> YOUR TASK
Lines from the one containing "A snack board" through the final line of the data, restated word for word and free of pictures, make up the whole answer.

> AVAILABLE DATA
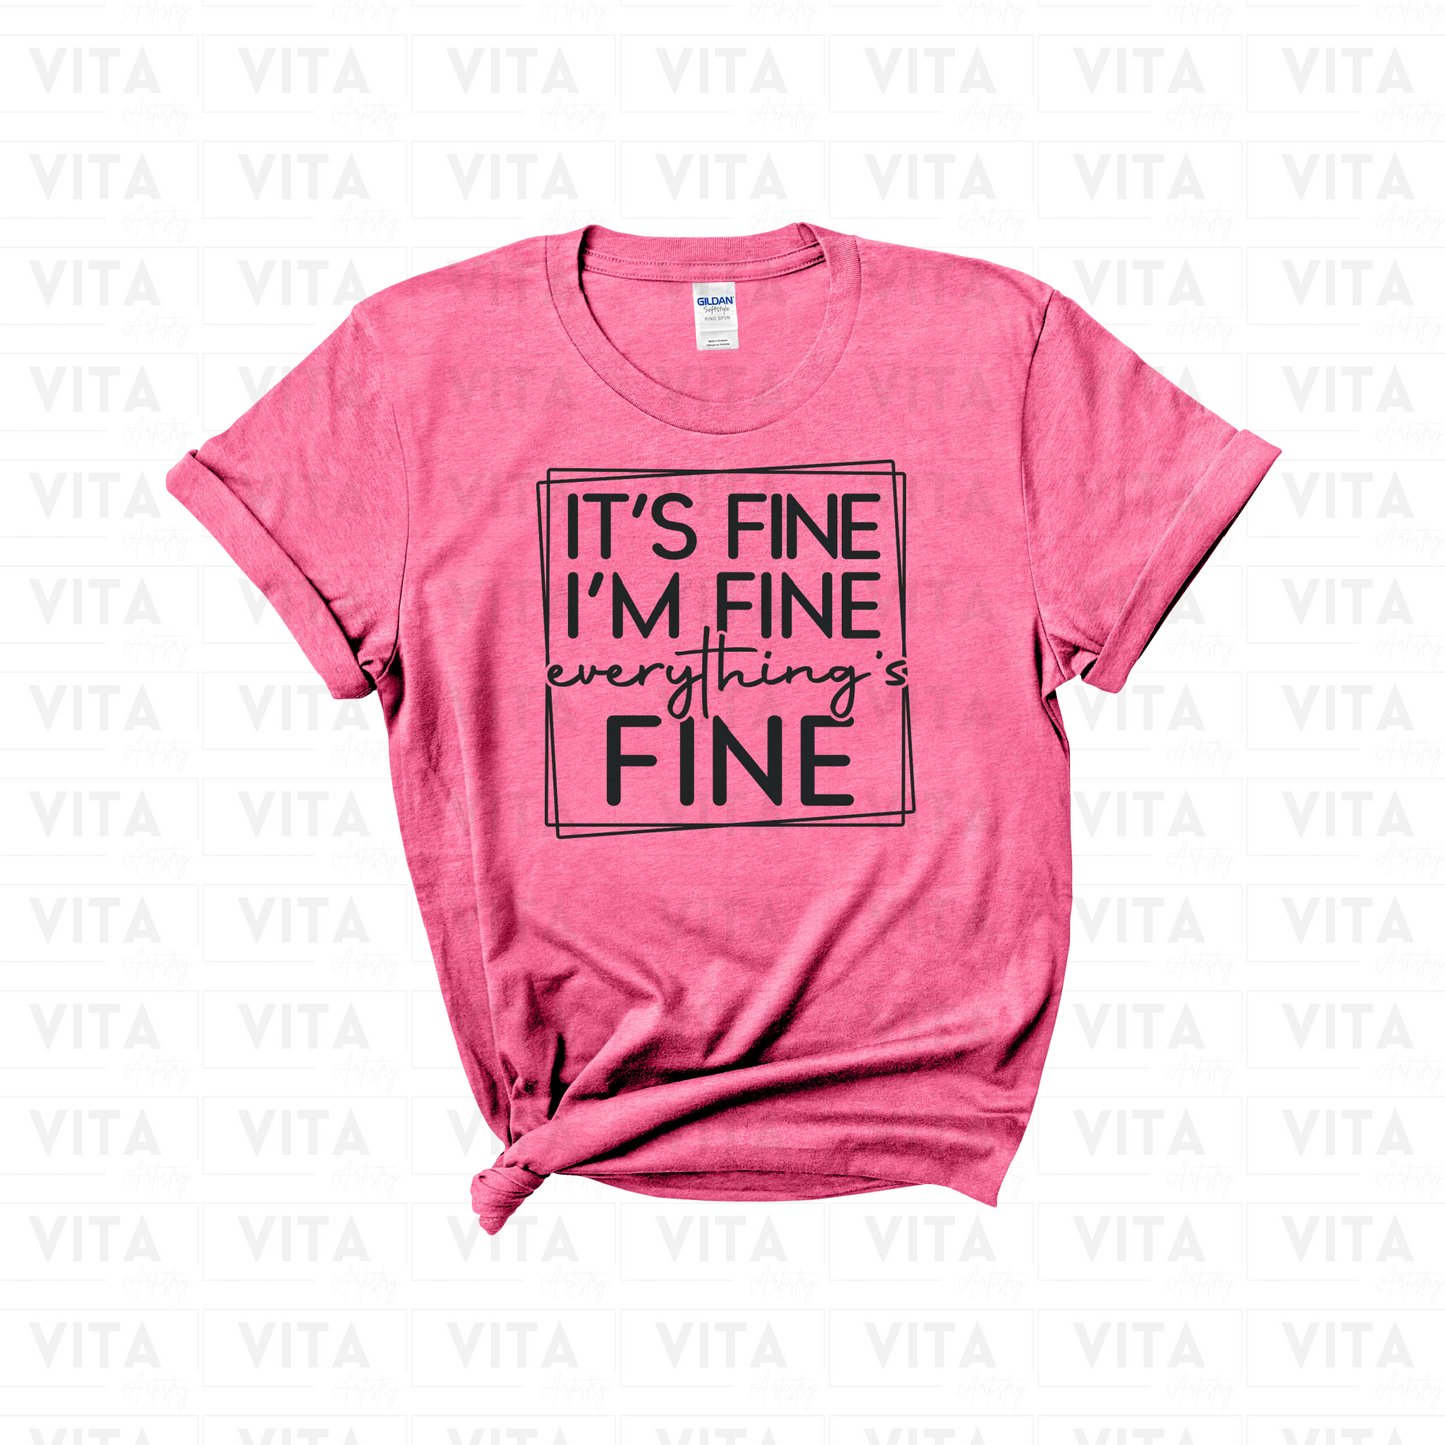 It's Fine I'm Fine Everything's Fine - Sarcastic Soft Style T-Shirt (Choose your shirt color)
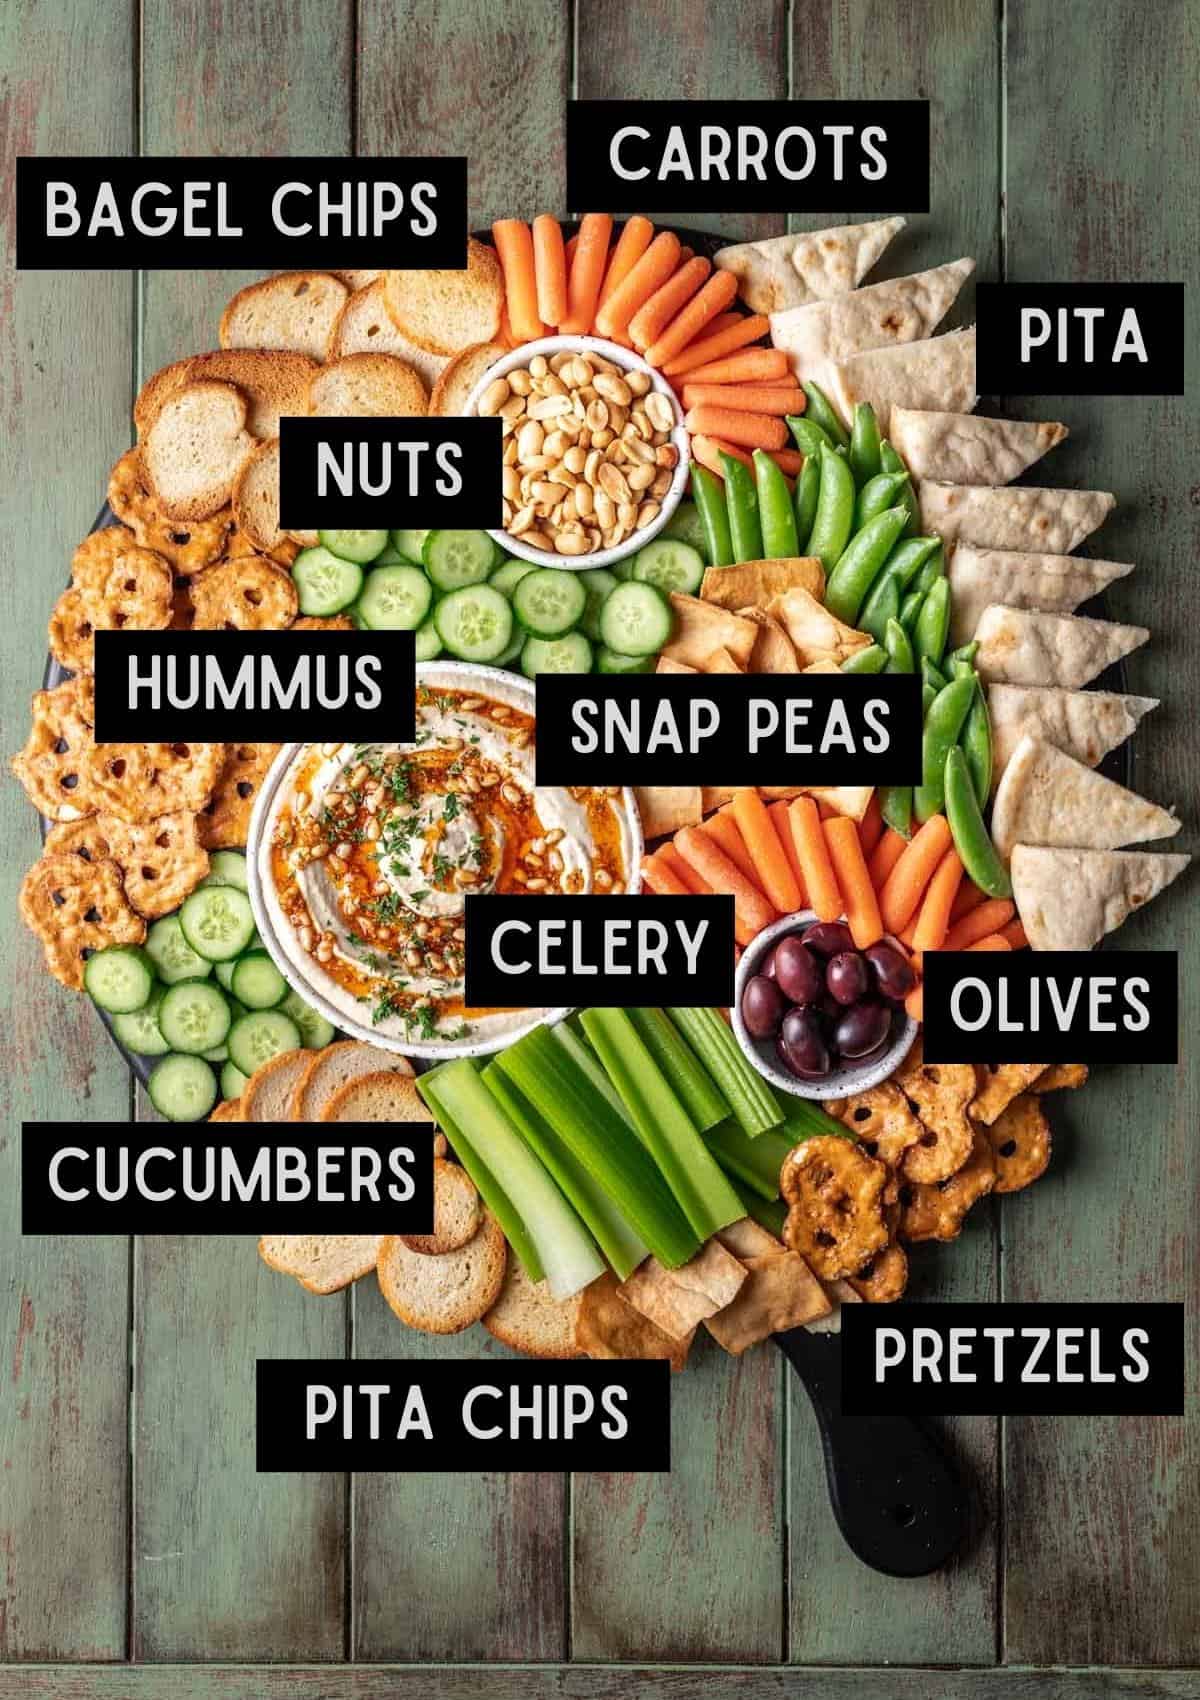 A snack board labelled to show all the snacks served with hummus.
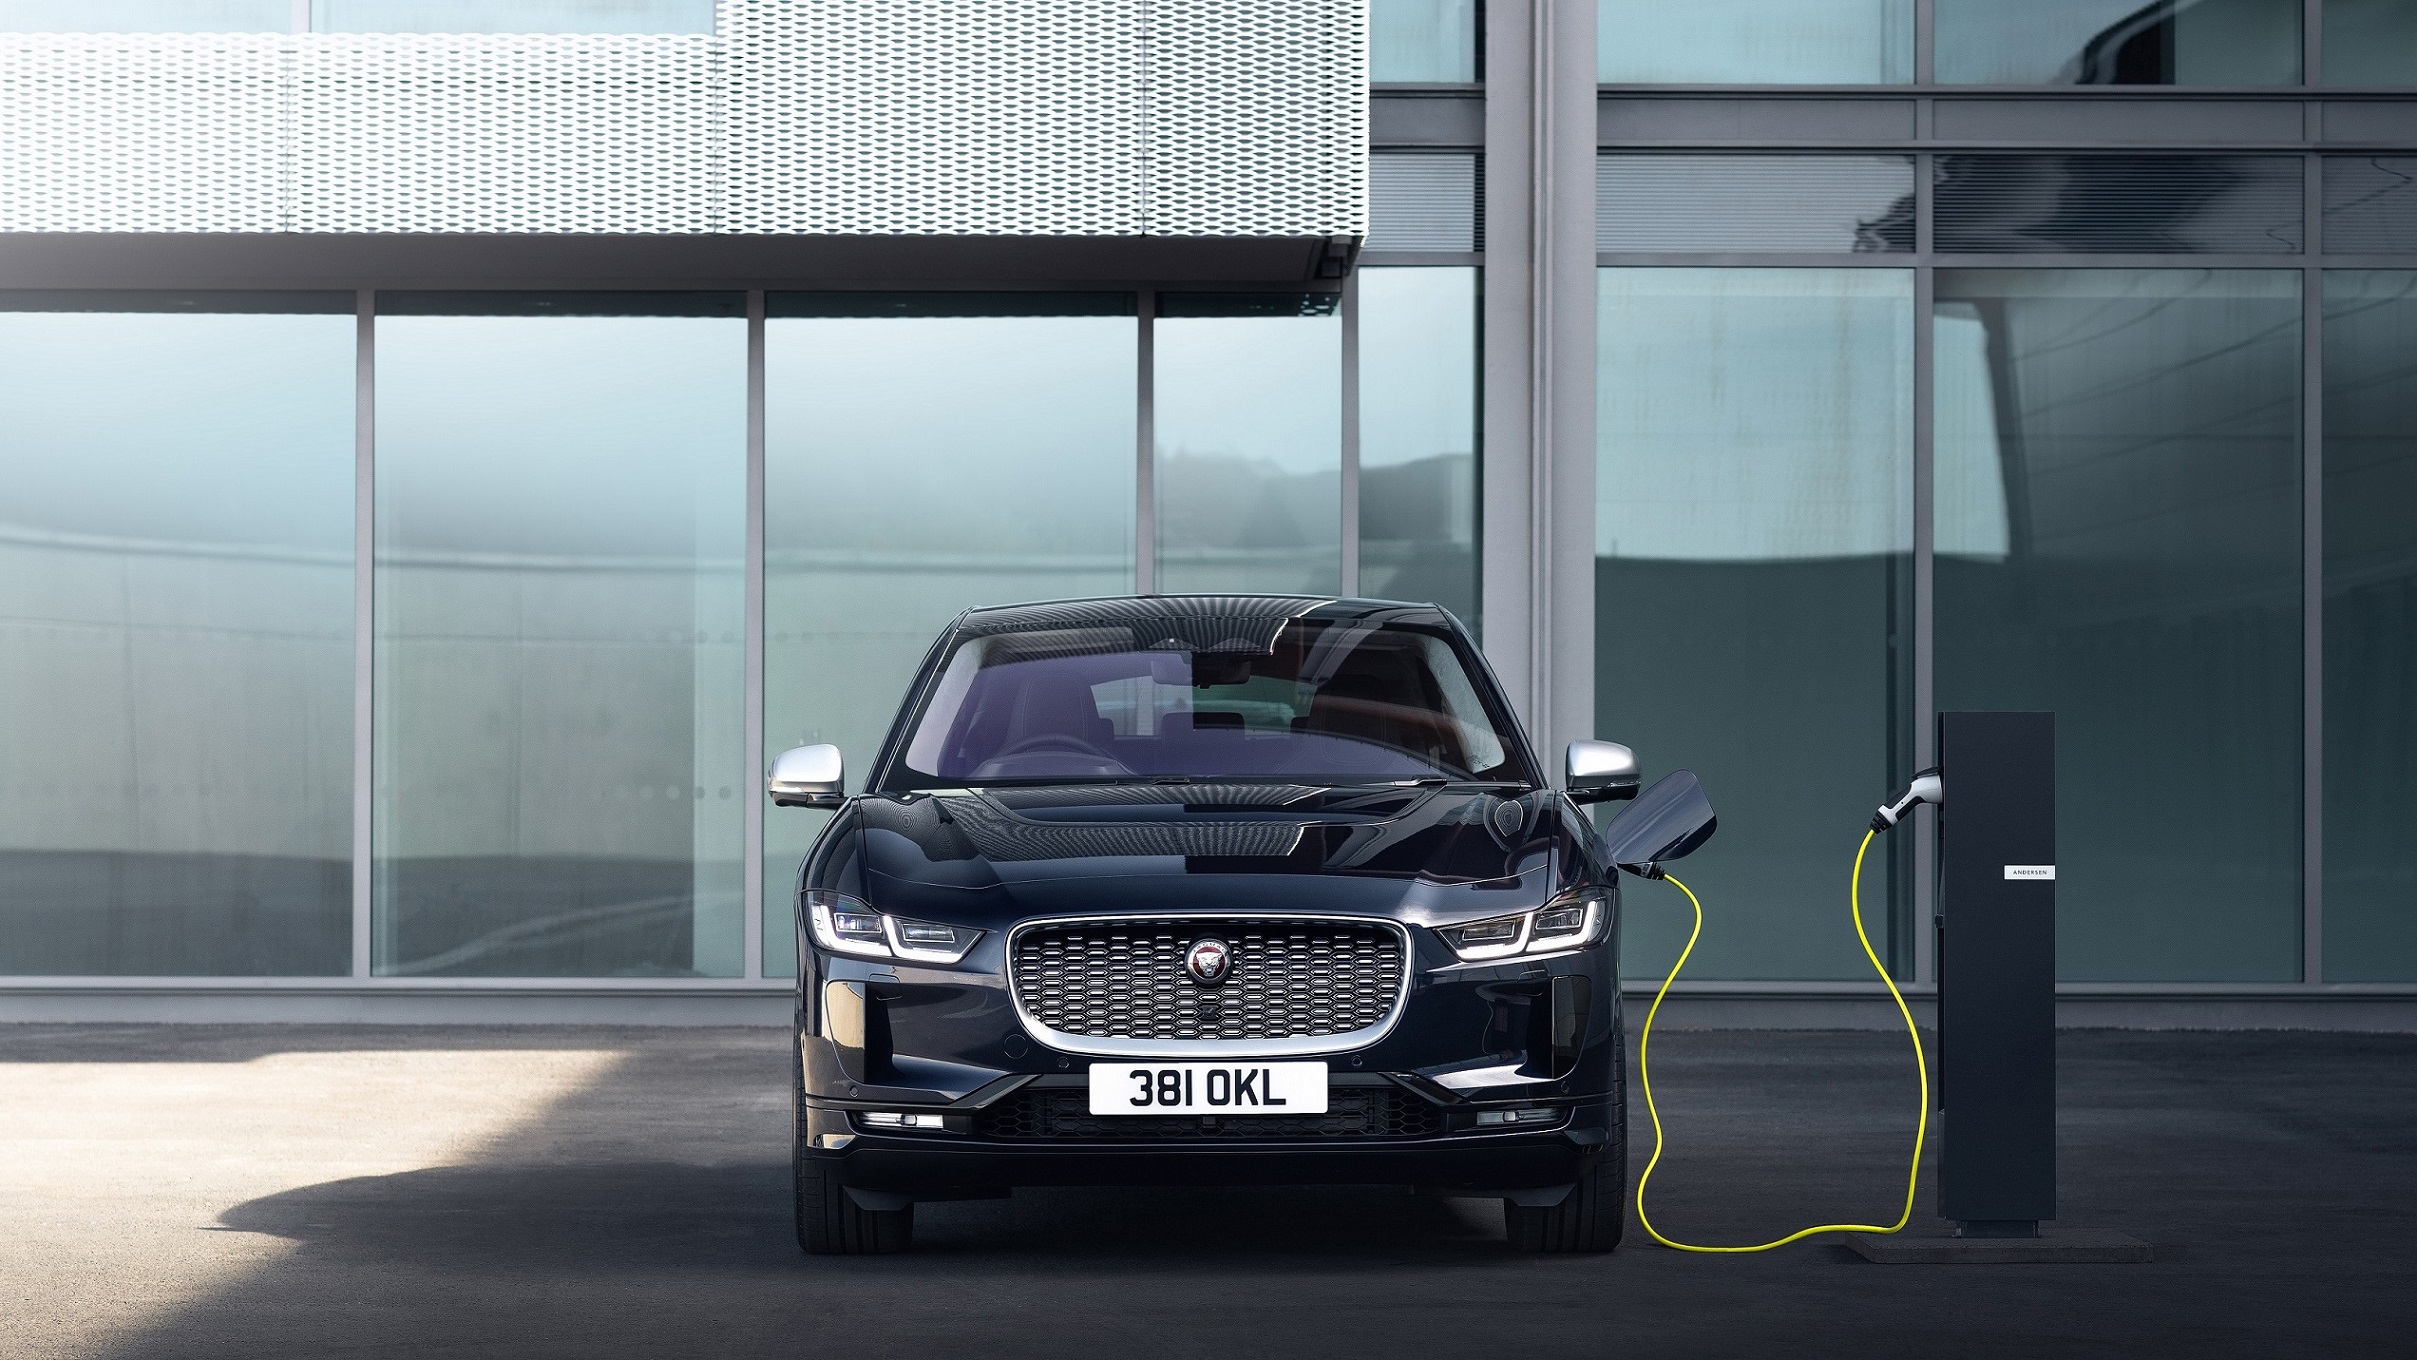 Image for Jaguar Land Rover Upcycles Aluminium To Cut Carbon Emissions By A Quarter

> THE COMPLETED TASK
 A snack board labelled to show all the snacks served with hummus.
 Image for Jaguar Land Rover Upcycles Aluminium To Cut Carbon Emissions By A Quarter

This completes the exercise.